Забыв обо всем на свете, Саманта любовалась Гэвином – непоколебимым утесом посреди бушующего моря вокруг. Сейчас, в костюме, на фоне рыцарских доспехов на стене, он казался особенно серьезным, пожалуй, даже мрачным. В широких, гордо развернутых плечах, в напряженной шее угадывалось предчувствие чего-то зловещего. Он словно готовился к битве.
Лицо на первый взгляд было спокойным, но челюсти – стиснуты. И пульсировала жилка на виске. И казалось, что он с трудом сдерживал какие-то гневные слова, так и рвавшиеся с его губ.
И тут Саманте вдруг почудилось, будто какая-то часть ее существа, почти незнакомая, властно призывает ее окликнуть Гэвина, подойти к нему, коснуться ладонью его щеки и разгладить эту хмурость ласковыми прикосновениями. Хотелось сказать: что бы ни заставляло его так хмурить брови – это не страшно, все будет хорошо.

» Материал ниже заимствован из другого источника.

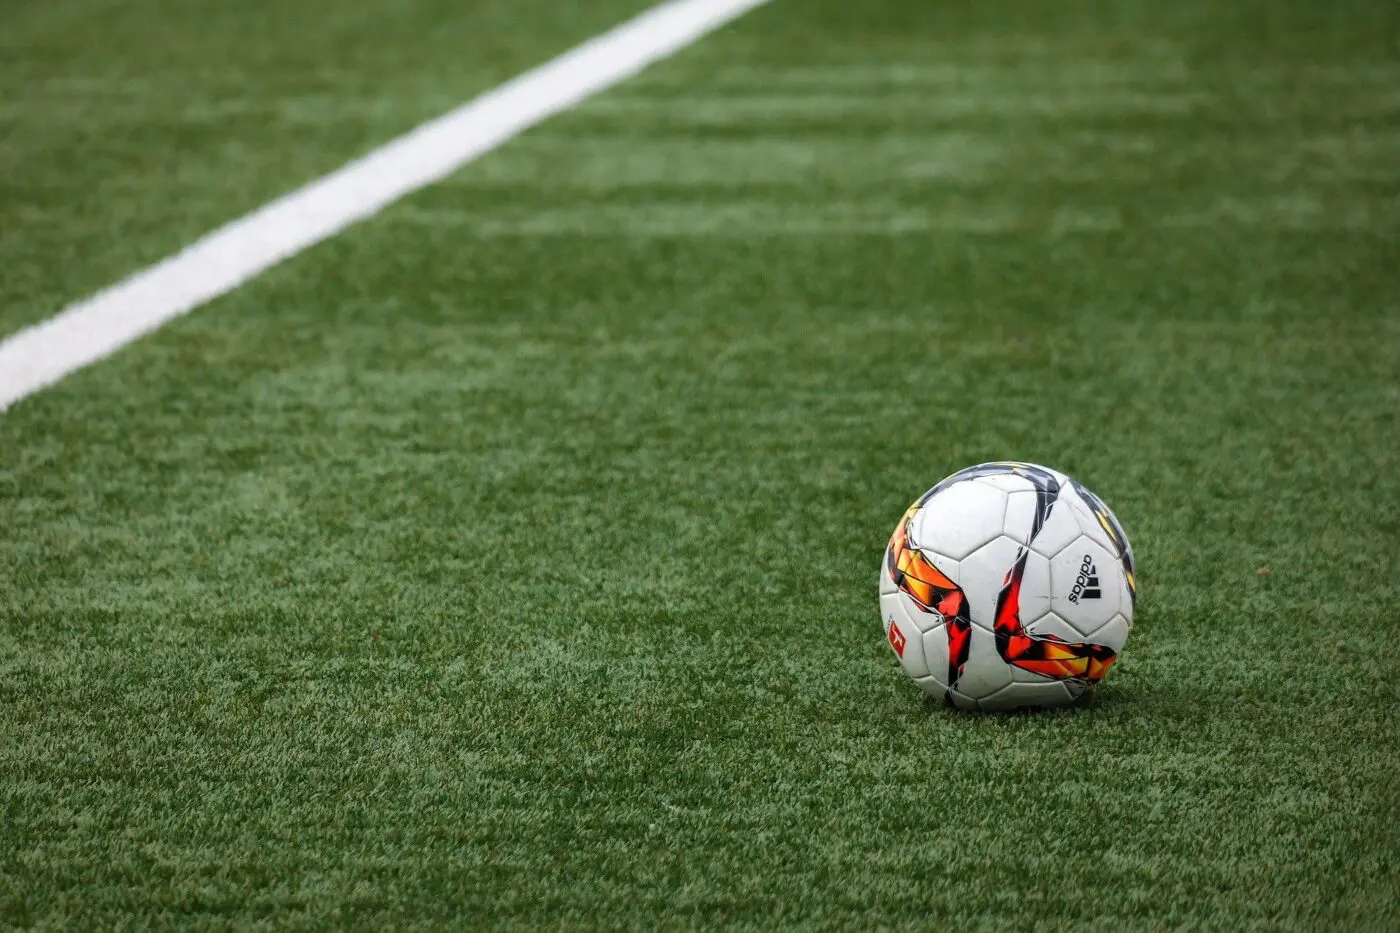 A soccer ball with a white base and a red, yellow, and black design rests on the green artificial turf of one of our premium playing fields near a white boundary line.

Ох, что же она за дура! И вовсе не потому, что испытала такое желание, а потому, что едва ему не поддалась. Остановило ее лишь одно соображение, причем довольно неожиданное – его имя.
Как к нему теперь обращаться? Лорд Торн? Ну нет, она скорее умрет, чем еще раз назовет его «лордом»! Гэвин? Но достаточно ли они близки, чтобы звать друг друга по имени?
Впрочем, они станут близки очень скоро. Сегодня ночью.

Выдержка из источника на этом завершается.